Supplied data
-=-=-=-=-

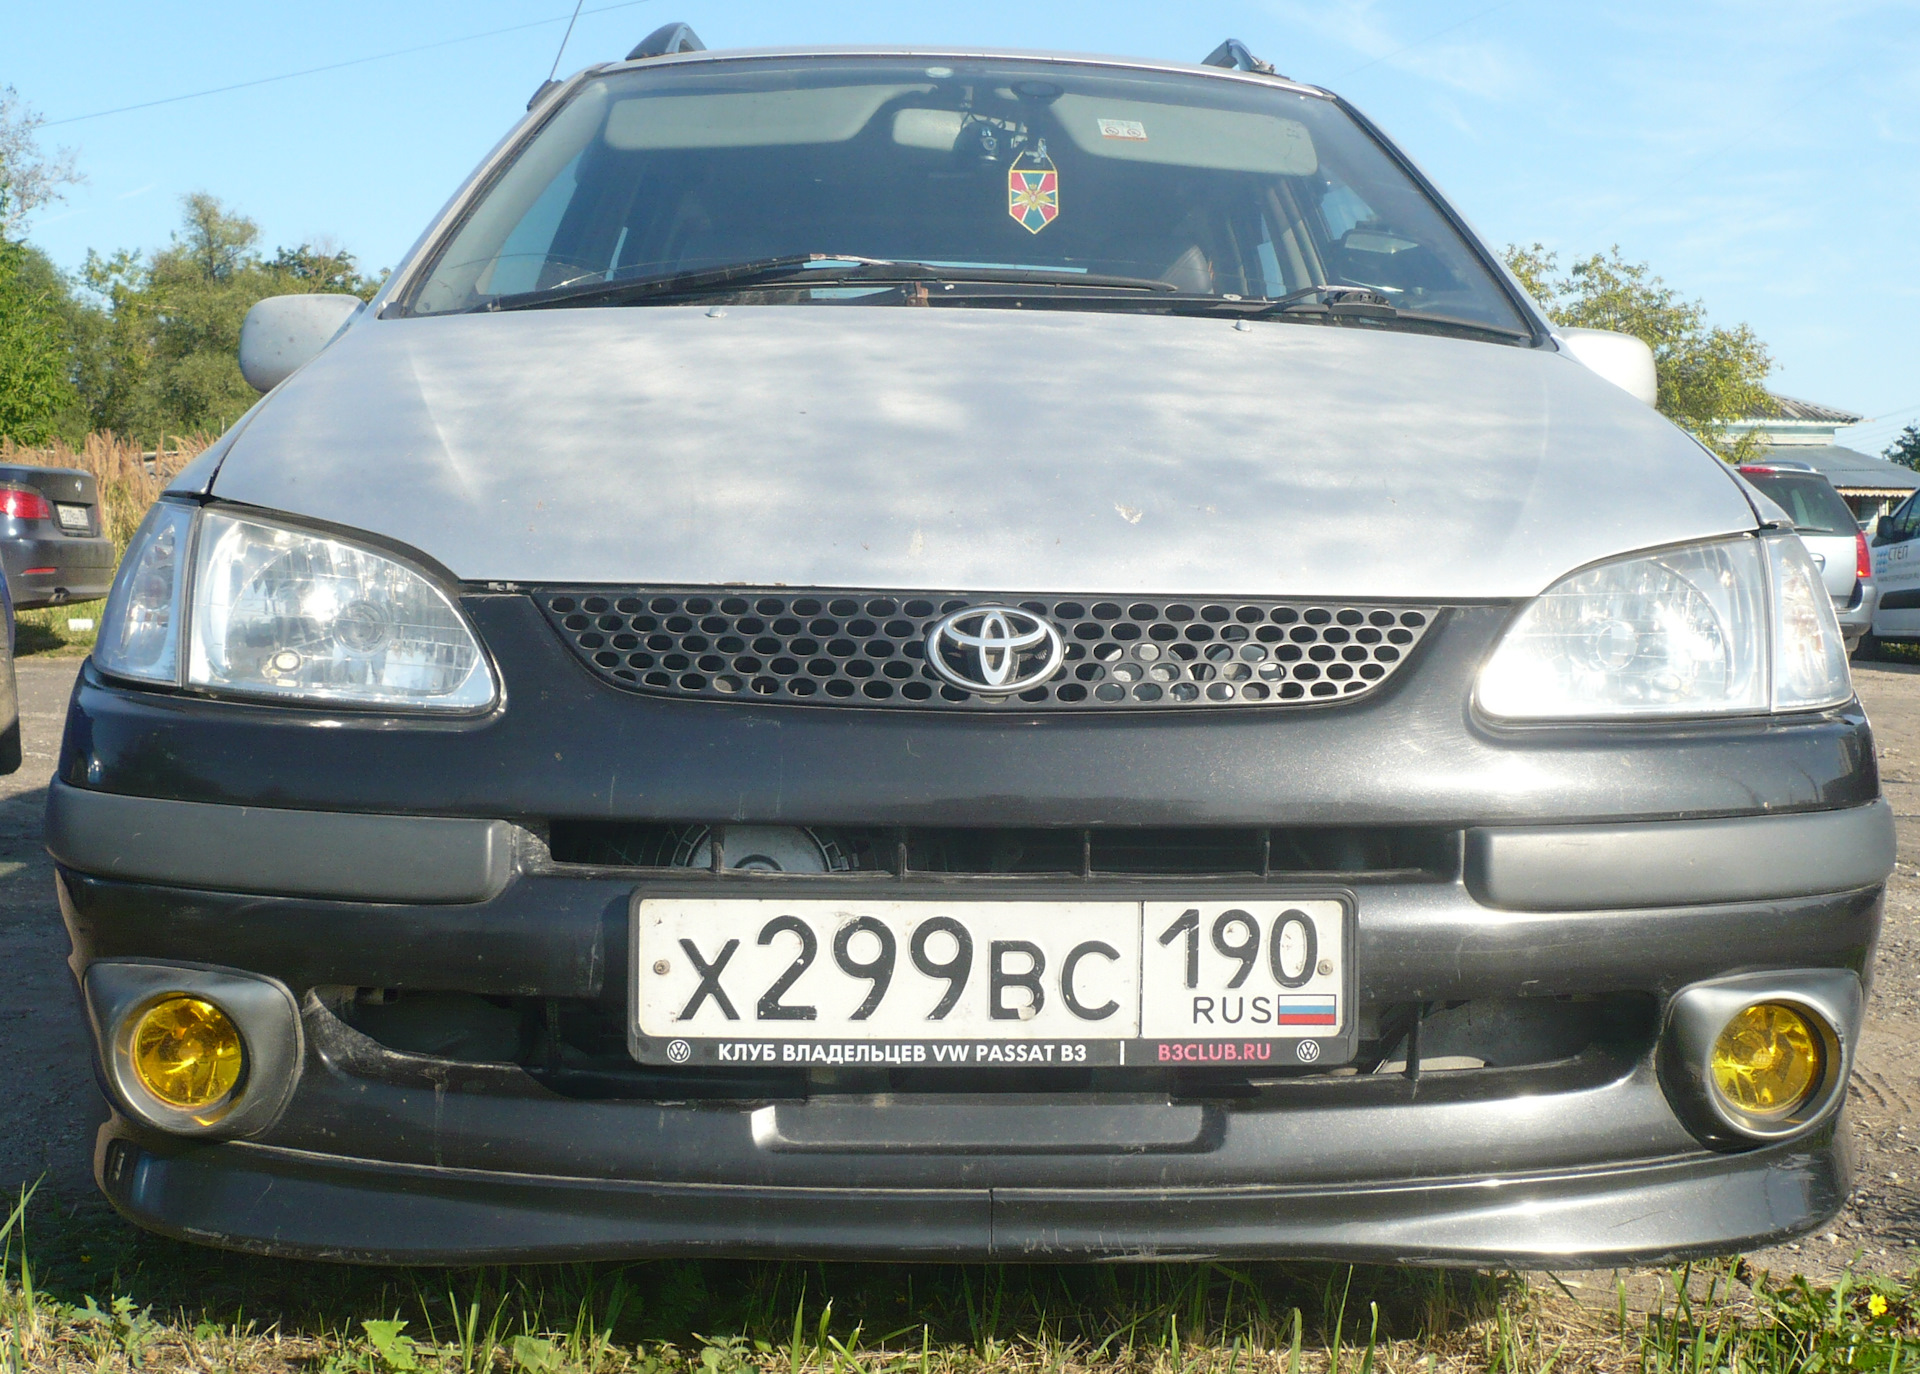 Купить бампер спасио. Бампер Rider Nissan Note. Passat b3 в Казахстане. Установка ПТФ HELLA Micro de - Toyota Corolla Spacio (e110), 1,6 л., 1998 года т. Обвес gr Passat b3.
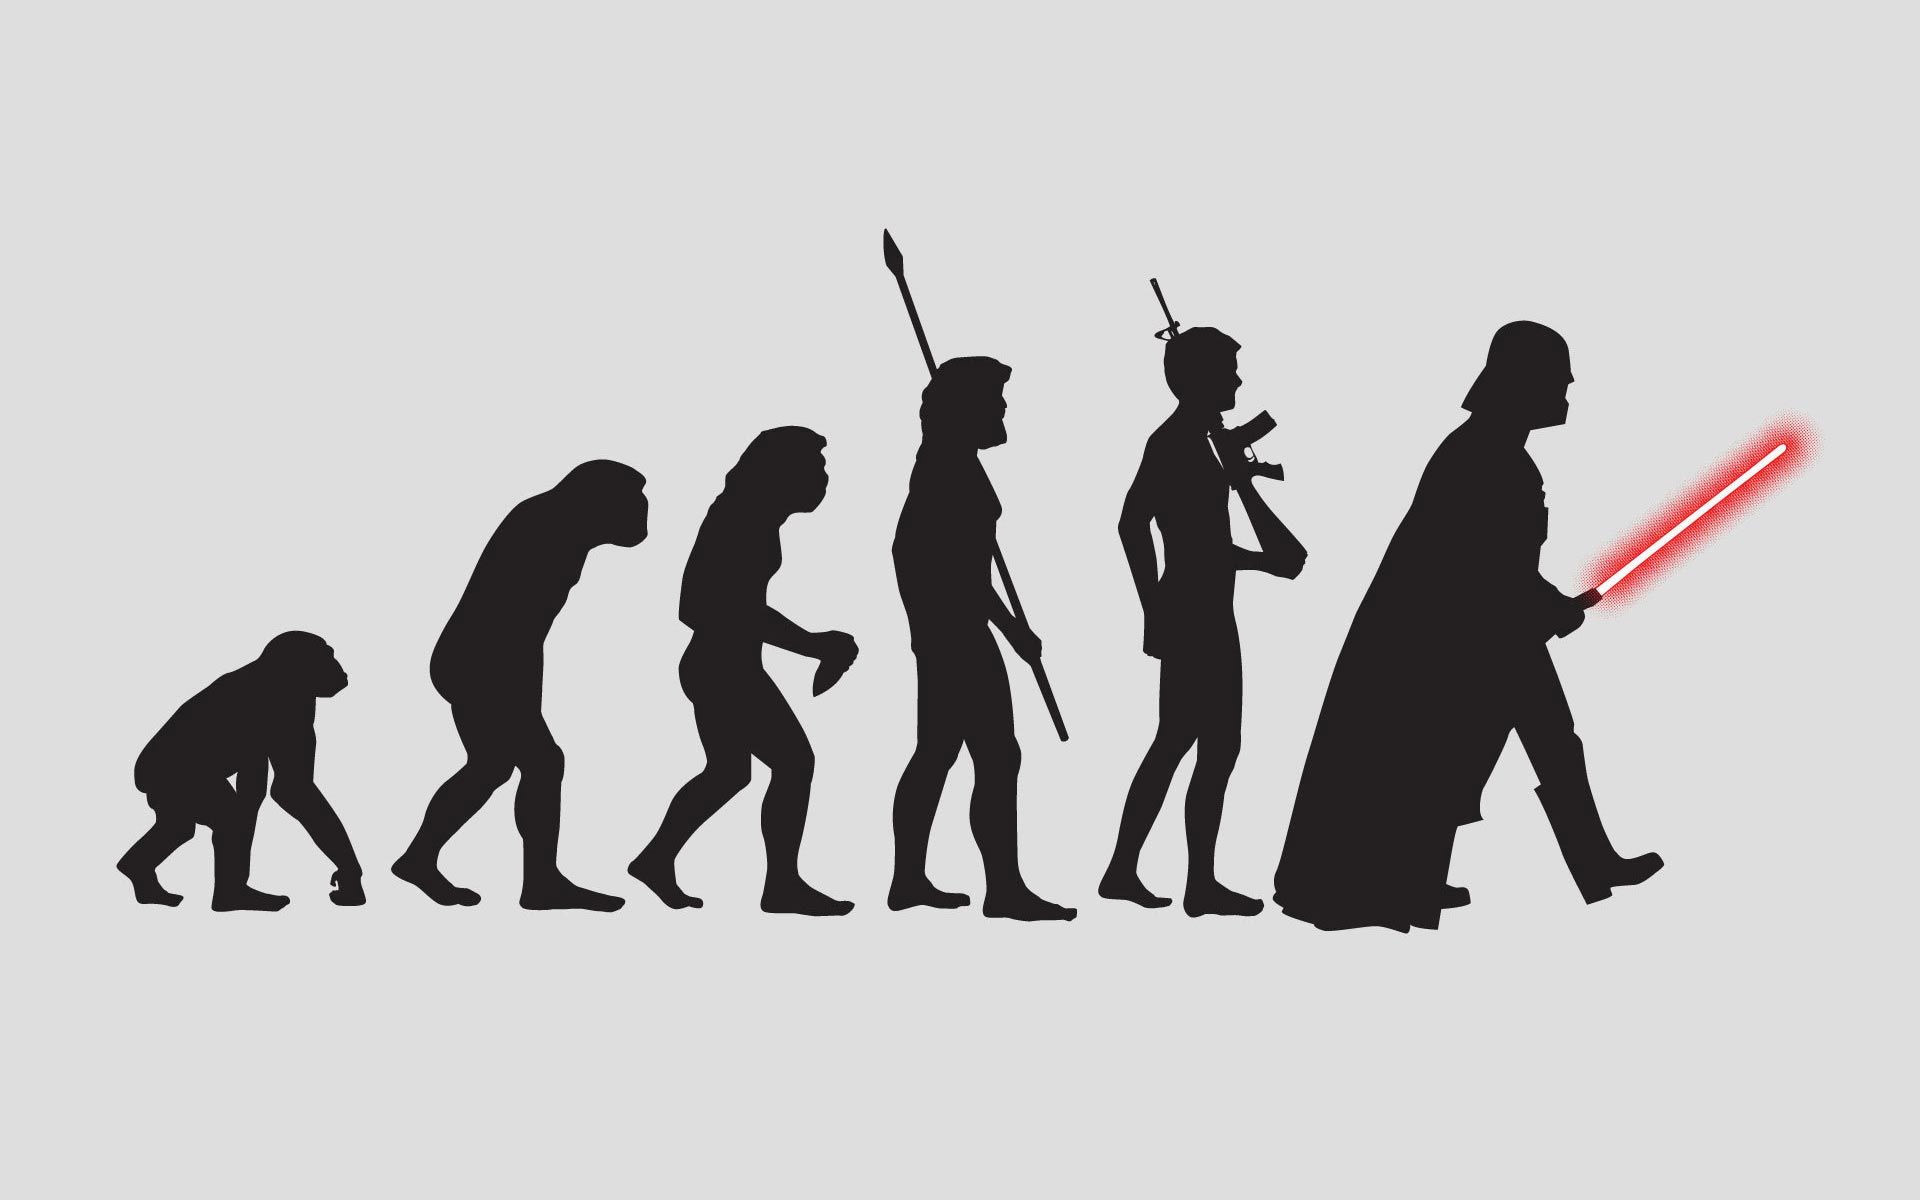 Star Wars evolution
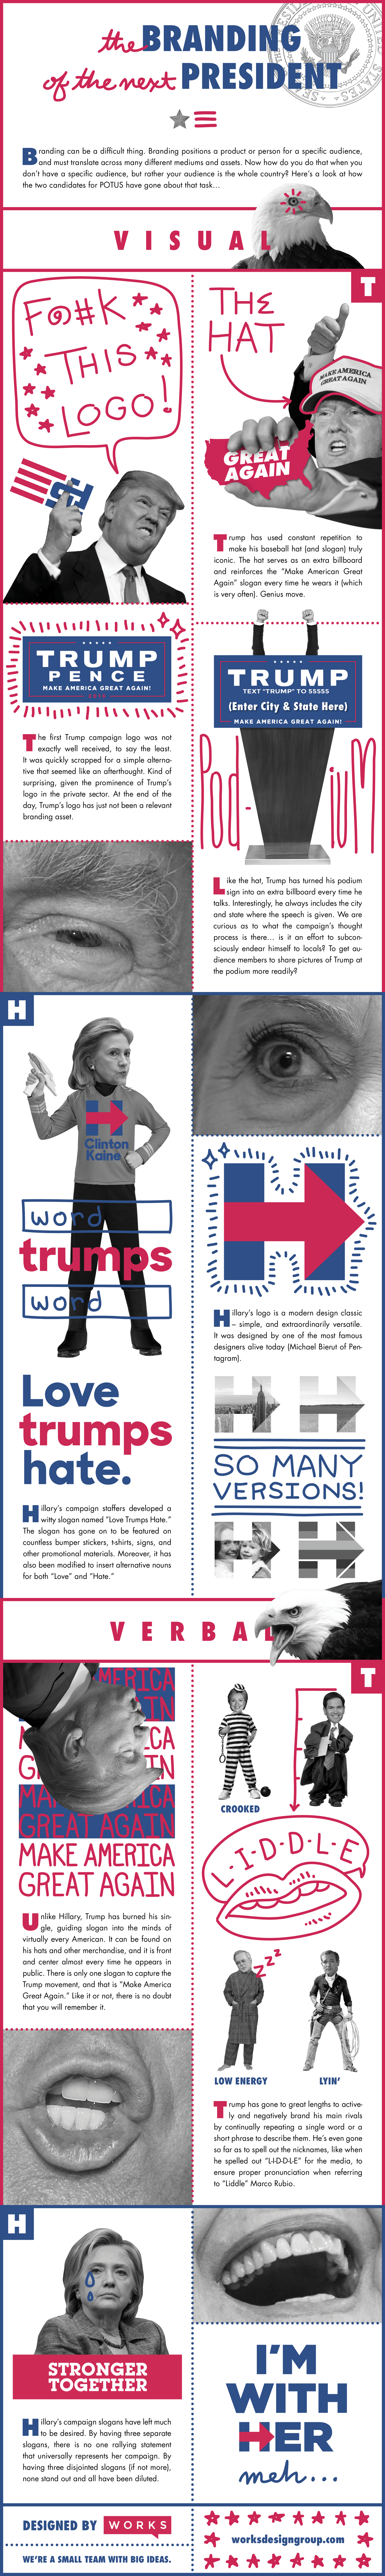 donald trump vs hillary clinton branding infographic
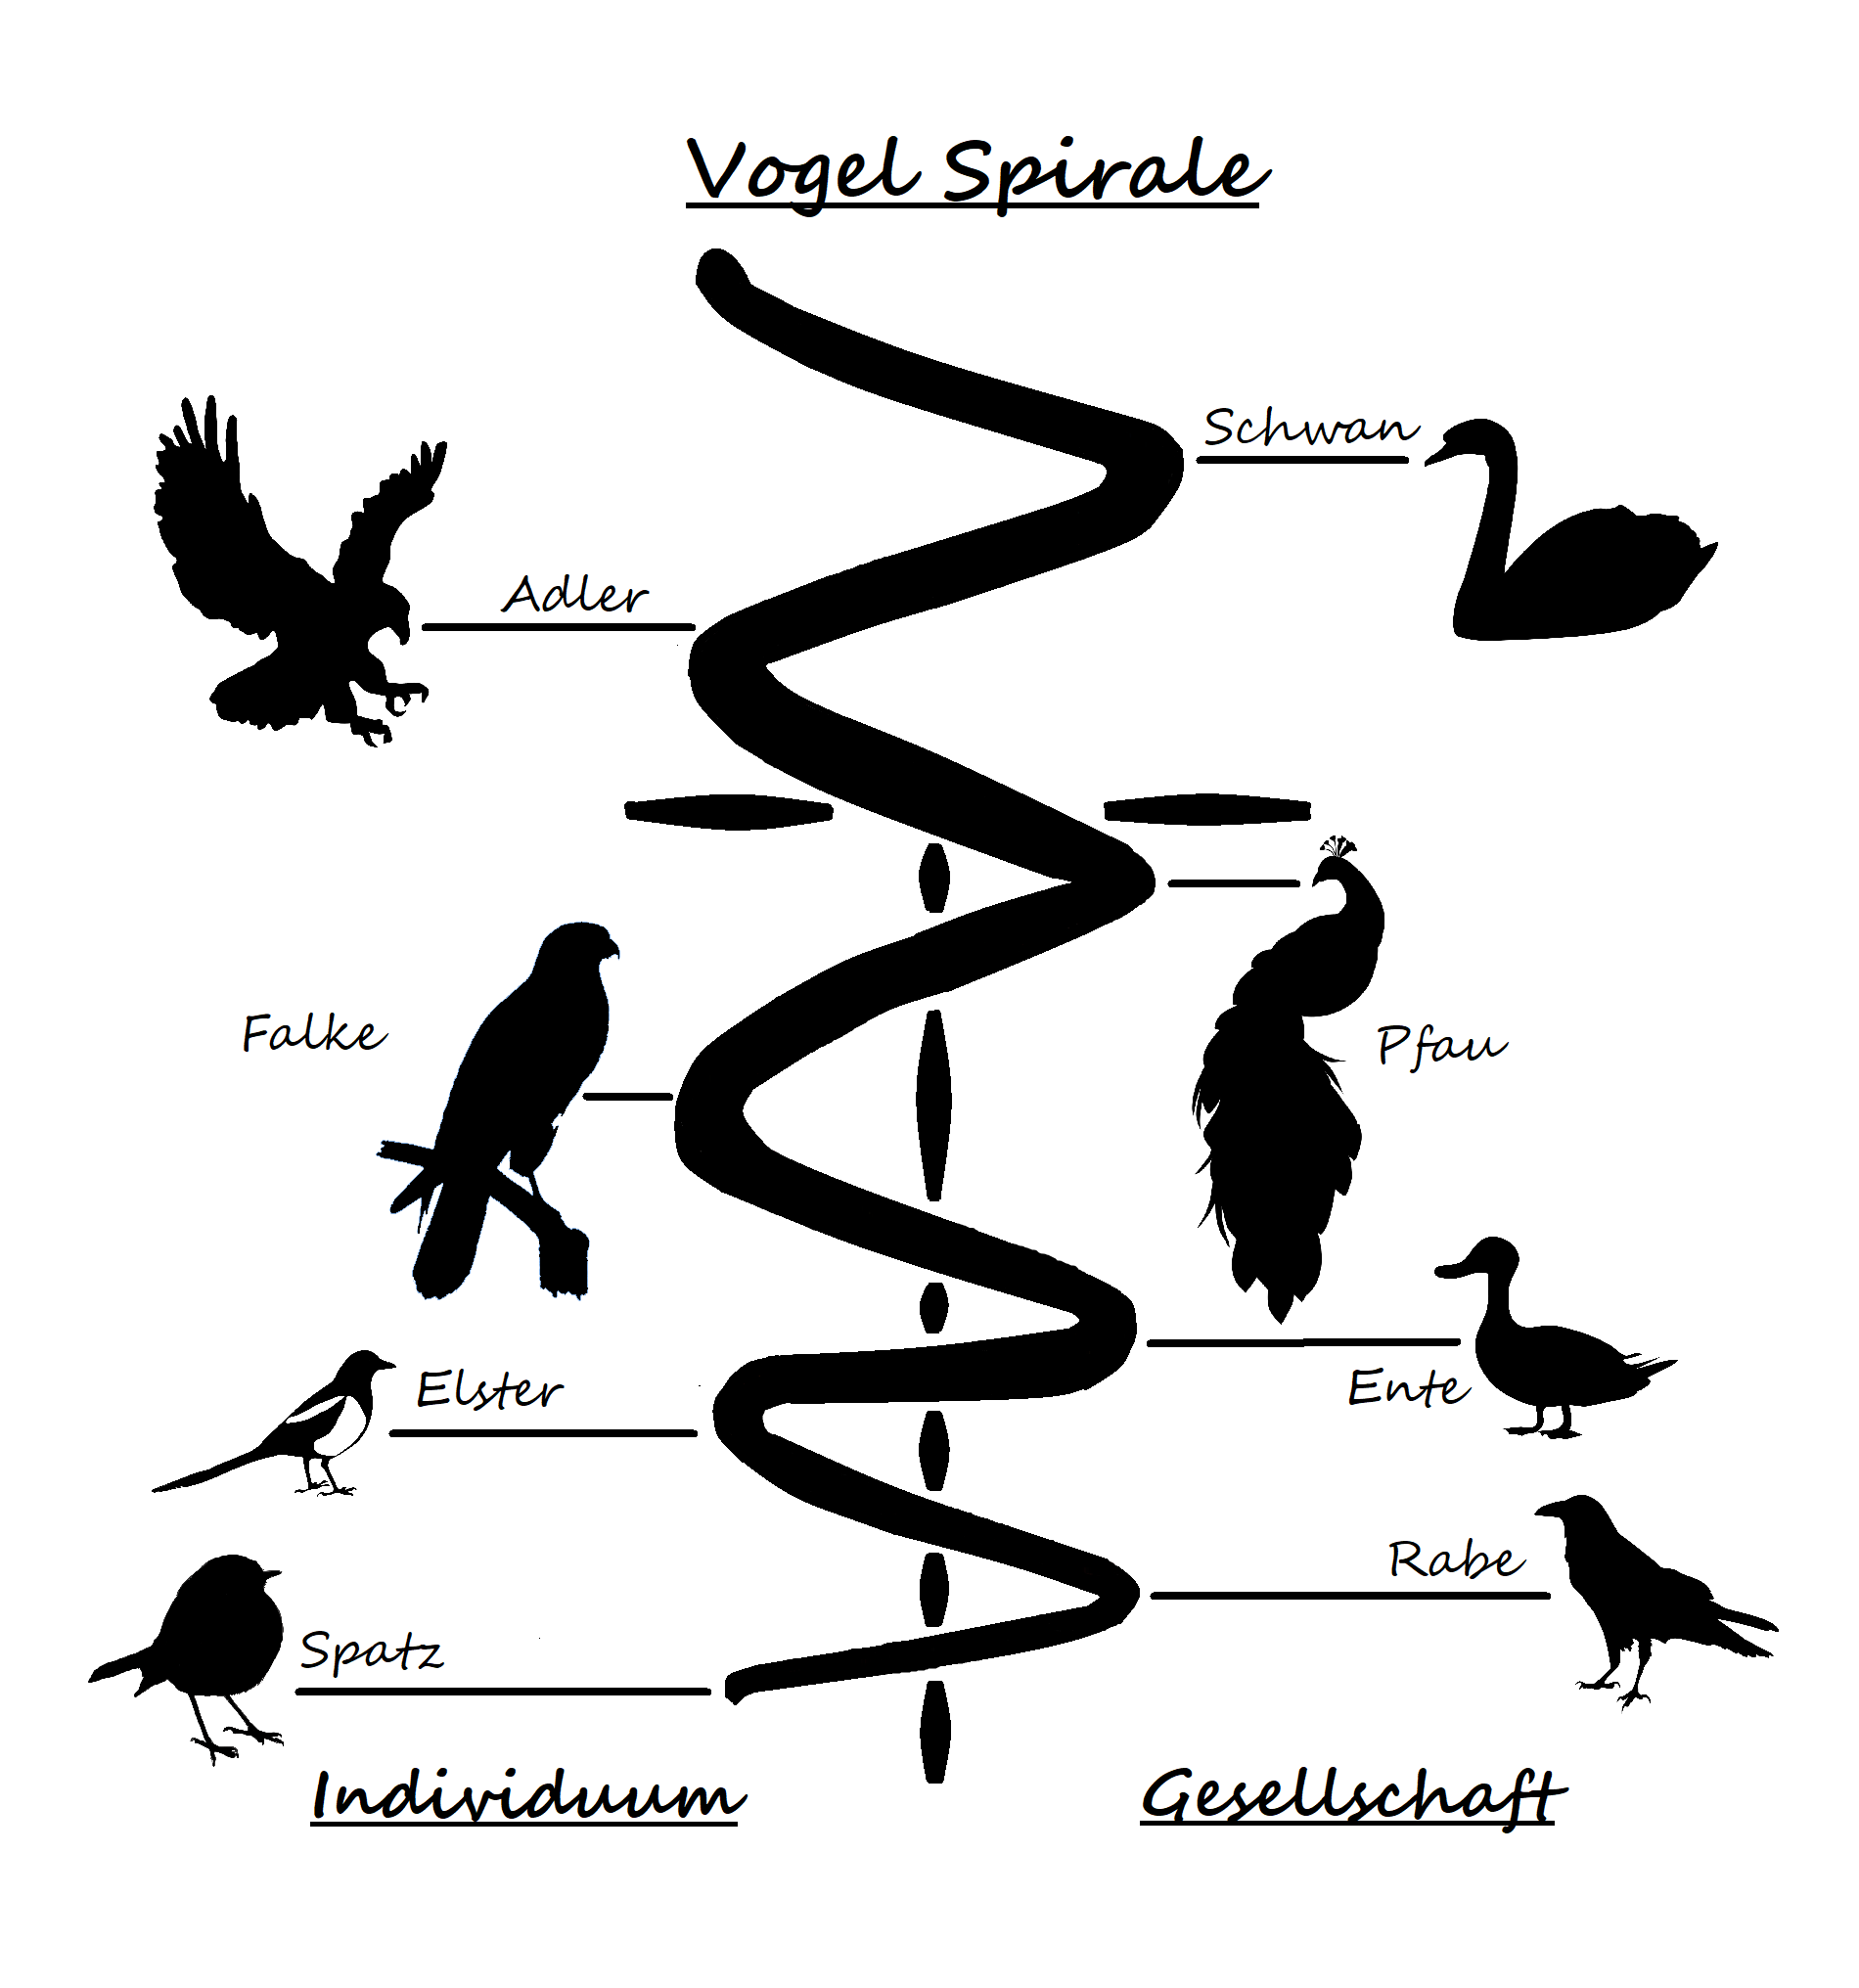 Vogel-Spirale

-=-=-=-=-

What the task requires
Each line of the data should be quoted exactly, with pictures left out.

Solution for this task
 Купить бампер спасио. Бампер Rider Nissan Note. Passat b3 в Казахстане. Установка ПТФ HELLA Micro de - Toyota Corolla Spacio (e110), 1,6 л., 1998 года т. Обвес gr Passat b3.
 Star Wars evolution
 donald trump vs hillary clinton branding infographic
 Vogel-Spirale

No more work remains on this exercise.